For multiple-comparison
based calculations, zeroing is also permitted for the purposes of
reviews to examine whether anti-dumping duties should be phased
out or reduced.
US opposition
US Ambassador
Peter Allgeier described the prohibition of zeroing in average-to-average
comparisons as a "significant disappointment" at a 12 December meeting
of the negotiating committee. The US has used this methodology in
"almost all investigations," he said.
The US envoy
to the WTO repeated his government's grievances with the Appellate
Body's rulings against zeroing, saying that they relied on "severely
flawed legal reasoning." He said that the WTO's top court was not
"dealing with settled law" on the matter, since some dispute panels
had concluded that zeroing was permitted.
A fall 2006
dispute panel decision allowing zeroing did so only for limited
circumstances - not for average-to-average comparisons, for instance
- and was subsequently overturned by the Appellate Body (see BRIDGES
Weekly, 17 January 2007, http://www.ictsd.org/weekly/07-01-17/story4.htm).
Allgeier expressed
"strong" objections to the text's requirement to terminate anti-dumping
duties after ten years. "Our experience has shown that some companies
continue to dump notwithstanding the existence of remedial measures,"
he said. "We fail to understand why the measures should be removed
in such circumstances." He said that the text's procedures allowing
for the expedited re-introduction of additional duties if they still
proved to be warranted were inadequate to address the needs of injured
domestic producers.
Also questioned
by the US was the text's proposed 'public interest' requirement
for countries to establish processes to "take due account" of the
views of parties potentially affected by the imposition of anti-dumping
duties.
The use of anti-dumping
measures can split companies based in a single country. When Brussels
famously imposed anti-dumping duties on Chinese clothing imports
during the "bra wars" of 2005, EU retailers lobbied against the
extra tariffs that European manufacturers had managed to secure.
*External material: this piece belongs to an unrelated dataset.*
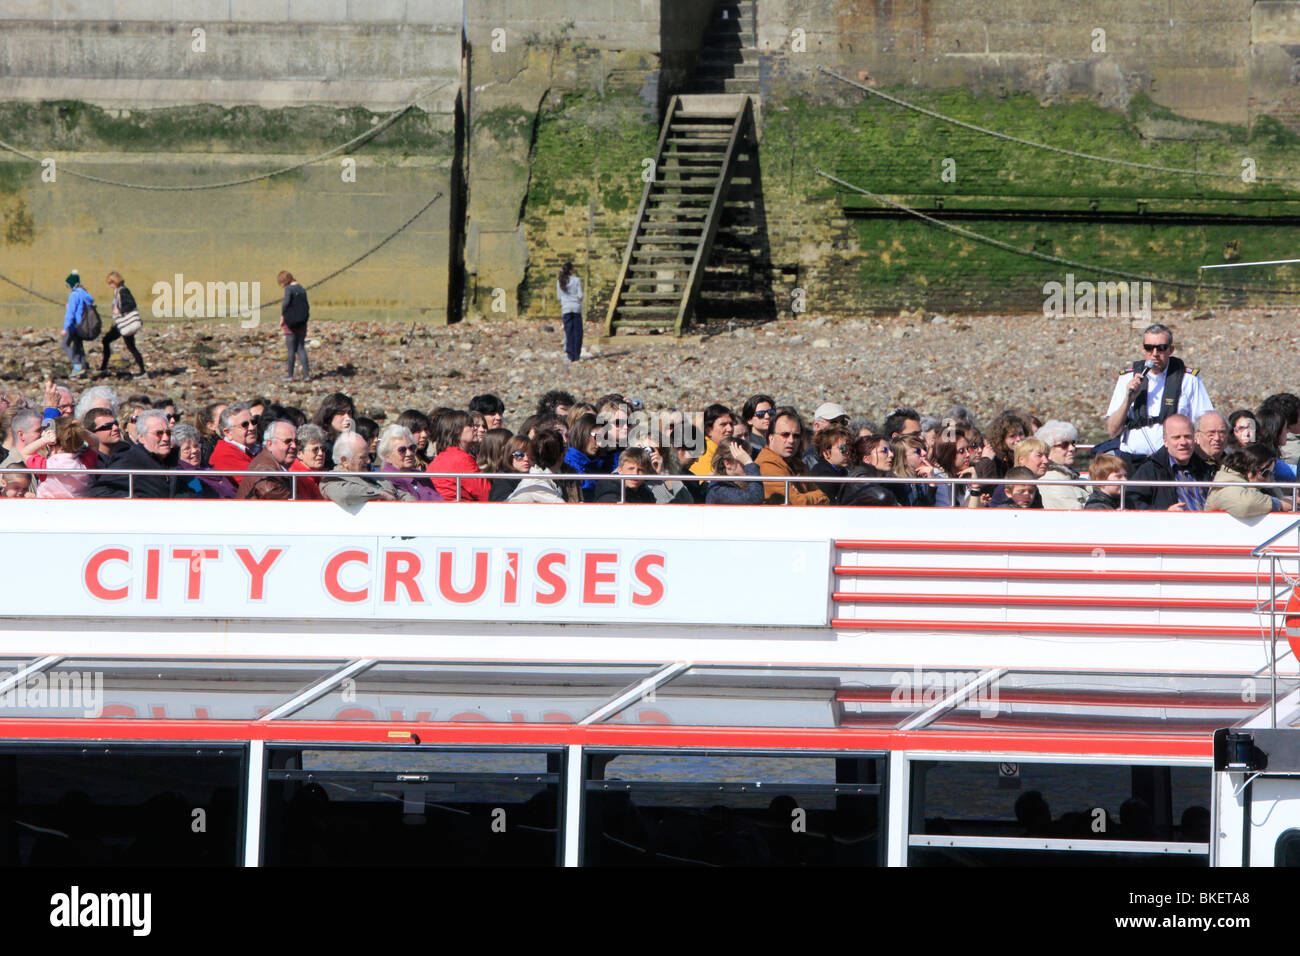 river thames cruises city breaks people london england uk gb Stock Photo

This has been further complicated by economic globalisation: the
EU's decision this year to retain extra tariffs on energy-saving
light bulbs from China hurt European companies that had located
manufacturing there.
Other countries
critical, but for different reasons
Several other
countries heavily criticised the text's provisions for explicitly
opening the door to zeroing. A joint statement (TN/RL/W/214, available
at http://docsonline.wto.org) from countries including Japan, Brazil,
Chile, China, Hong Kong, India, Korea, Mexico, Taiwan, Singapore,
and Switzerland said that "Zeroing is a biased and partial method
for calculating the margin of dumping and inflates anti-dumping
duties. If the use of such practice prevails in the future, it could
nullify the results of trade liberalisation efforts." "Clarified
and improved disciplines [under the Anti-Dumping Agreement] do not
imply increased opportunities for imposing barriers to trade," the
paper added.
Hong Kong described
the zeroing provisions as a major step backward. It said that they
did not accord with the views of much of the WTO Membership, an
opinion that was echoed by Korea. Brazil suggested that the zeroing
rules could even make countries want to backtrack on liberalisation
in the negotiations on agriculture and industrial goods. China warned
of increased protectionism; Canada said that zeroing was unacceptable.
The EU, although
it did not sign onto the statement, described zeroing as a minority
sport, in a thinly veiled jibe at the US. It said that in light
of this, the zeroing provisions in Valles Games' text were surprising.
Japan praised
the text's 'public interest' requirement, as well as its provisions
for phasing out anti-dumping duties. Brazil said that placing a
ten-year cap on anti-dumping duties was a step in the right direction,
but not enough - it wanted a shorter time limit. The EU said that
ten years might not suffice if dumping persists after that time,
and suggested that instead of setting a hard limit, Members could
focus on developing strict criteria for the extension of anti-dumping
tariffs.
Some delegations
praised the text's expanded transparency requirements, which would
require government authorities to make all non-confidential information
related to anti-dumping investigations available for public scrutiny.
Members including
the EU and India questioned why the chair's text omitted the so-called
'lesser duty rule' currently in the Anti-Dumping Agreement, under
which Members are obliged to keep anti-dumping duties within the
bounds of what is necessary to offset injury to domestic industry
(even if lower than the actual dumping margin).
Circumvention
rules prove problematic
The text's 'anti-circumvention'
provisions were also controversial. These would allow countries
to extend anti-dumping duties on a particular good to other products,
if they found that imports of the latter were being used to get
around the anti-dumping tariffs.
Thus, a Member
levying anti-dumping duties on t-shirts from Bangladesh would be
able to extend these duties to t-shirt components from Bangladesh,
to t-shirts made in a third country from Bangladeshi parts, or on
slightly different clothes from Bangladesh - if it could prove that
imports of the latter three had supplanted imports of regular t-shirts
because of the existence of anti-dumping measures.
Valles Games'
text has a further caveat: for circumvention to be established,
the components would have to account for more than 60 percent of
the value of the finished product; and the value addition in the
country where t-shirts are assembled would have to be low, no more
than 25 percent.
The US, which
has lobbied for strong anti-circumvention rules, argued that the
specific thresholds created a "safe harbour" for circumvention.
China expressed
opposition to the text's anti-circumvention provisions, calling
for them to be removed. Taiwan said that they would be open to abuse.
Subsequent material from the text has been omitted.